Meaning that the efficiency of the positioning scheme is not optimal when following the sequential positioning, requiring N+2^{\lceil log_2(N-1) \rceil} urinals. Rather than one out of two, requiring 2N-1 urinals. What is most funny in this simple exercise is the connection exposed in the Riddler with an Xkcd blag written a few years go about the topic.

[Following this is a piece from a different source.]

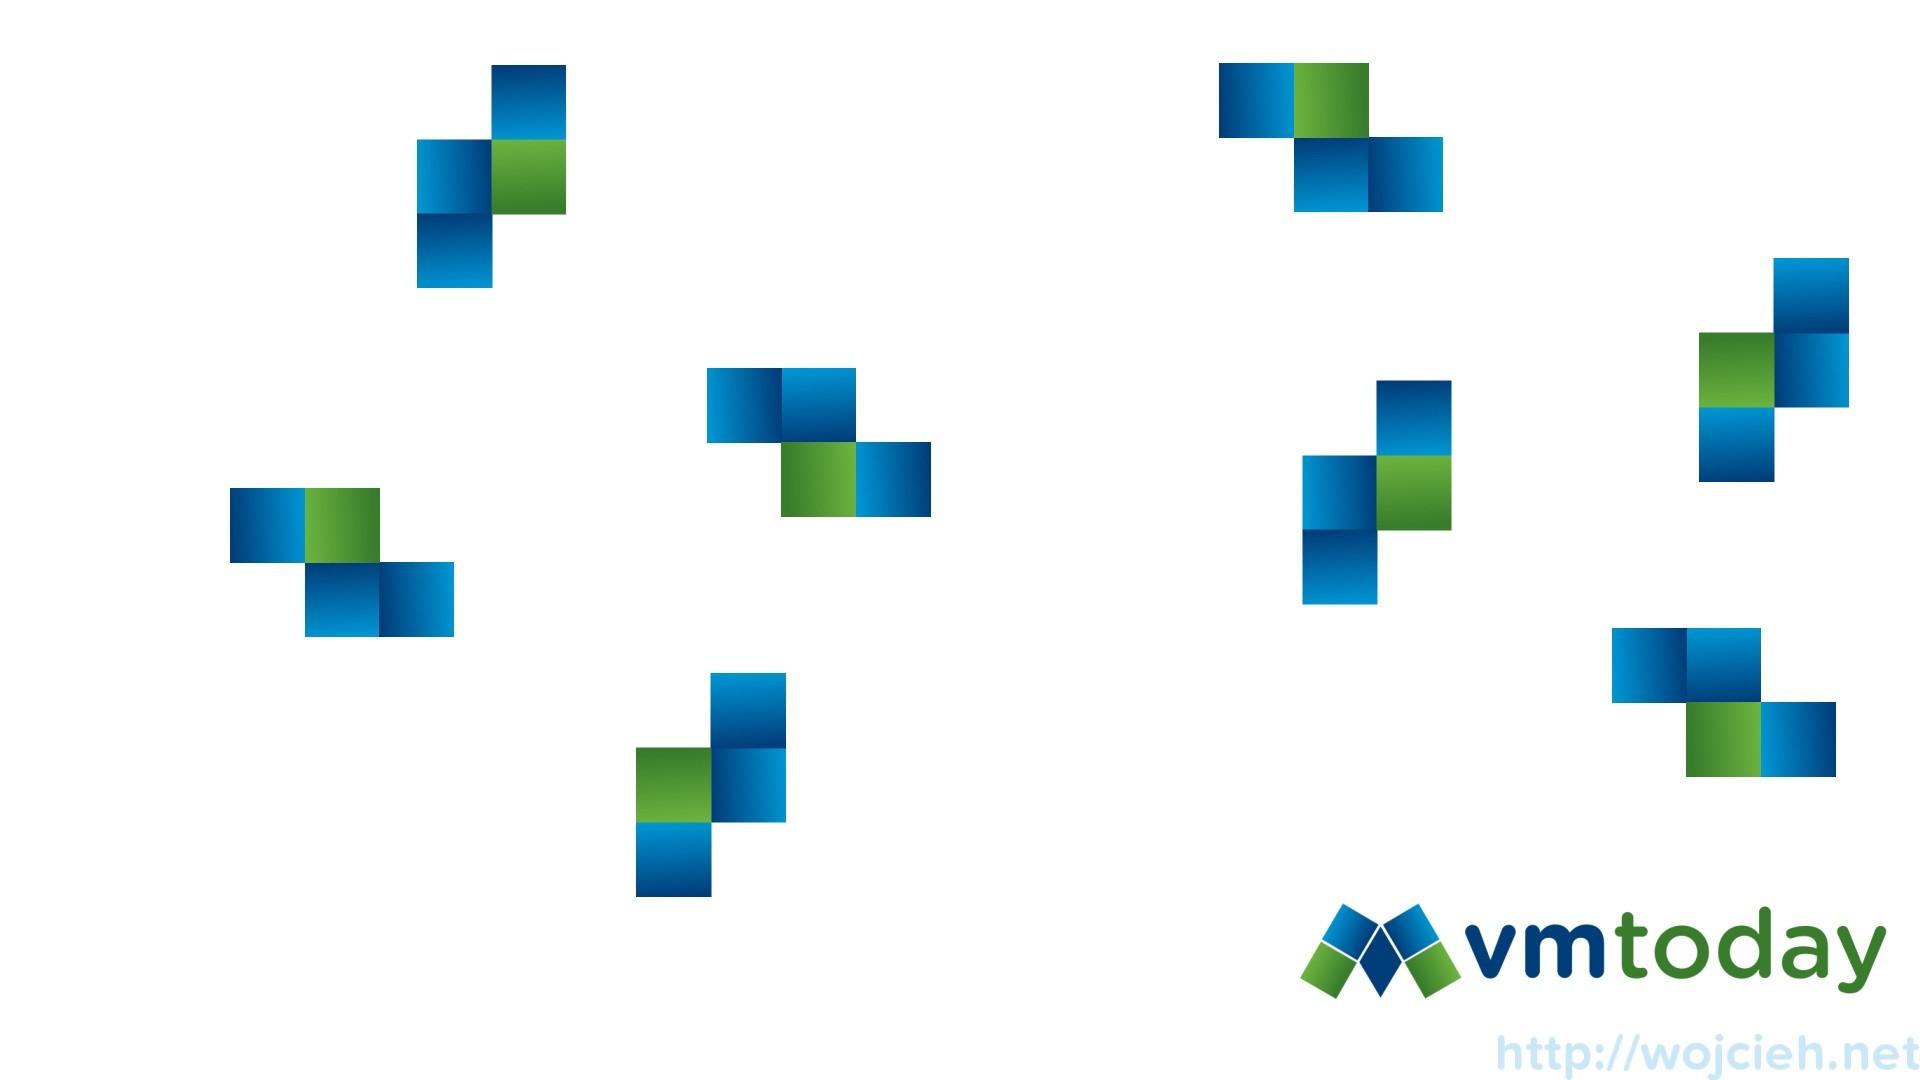 VMware Wallpaper - 3
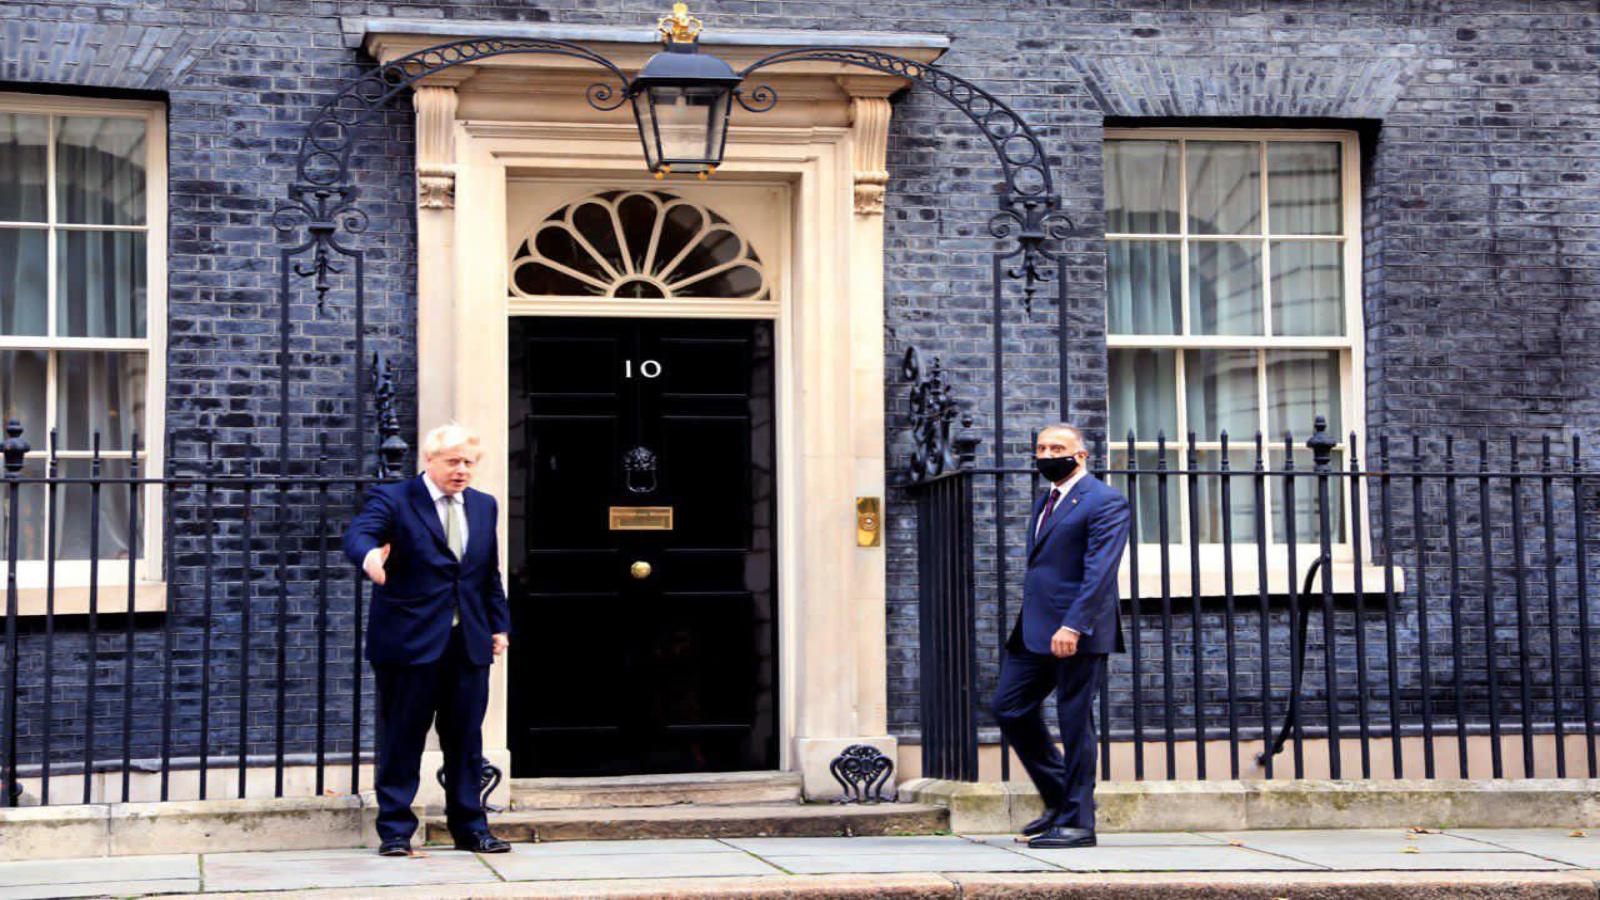 جونسون مرحبا بالكاظمي في مقر رئاسة الحكومة بلندن

linear Diophantine equations

Posted in Statistics with tags , , , , , , on May 10, 2018 by xi'an

When re-expressed in maths terms, the current Riddler is about finding a sequence x⁰,x¹,…,x⁷ of integers such that

x⁰=7x¹+1
6x¹=7x²+1

6x⁶=7x⁷+1
6x⁷=7x⁸

which turns into a linear equation with integer valued solutions, or a system of linear Diophantine equation. Which can be easily solved by brute-force R coding:

A=matrix(0,7,7)
for (i in 1:7) A[i,i]=6
for (i in 1:6) A[i,i+1]=-7
for (x in 1:1e6){
  zol=solve(a=A,b=c(rep(1,6),7*x))
  if (max(abs(zol-round(zol)))<1e-3) print(x)}
x=39990 #x8=5.6.31.43
7*solve(a=A,b=c(rep(1,6),7*x))[1]+1 #x0

which produces x⁰=823537. But it would be nicer to directly solve the linear system under the constraint. For instance, the inverse of the matrix A above is an upper triangular matrix with (upper-)diagonals

1/6, 7/6², 7²/6³,…,7⁶/6⁷

but this does not help considerably, except for x⁸ to be solutions to 7 equations involving powers of 6 and 7… This system of equations can be solved by successive substitutions but this still feels very pedestrian!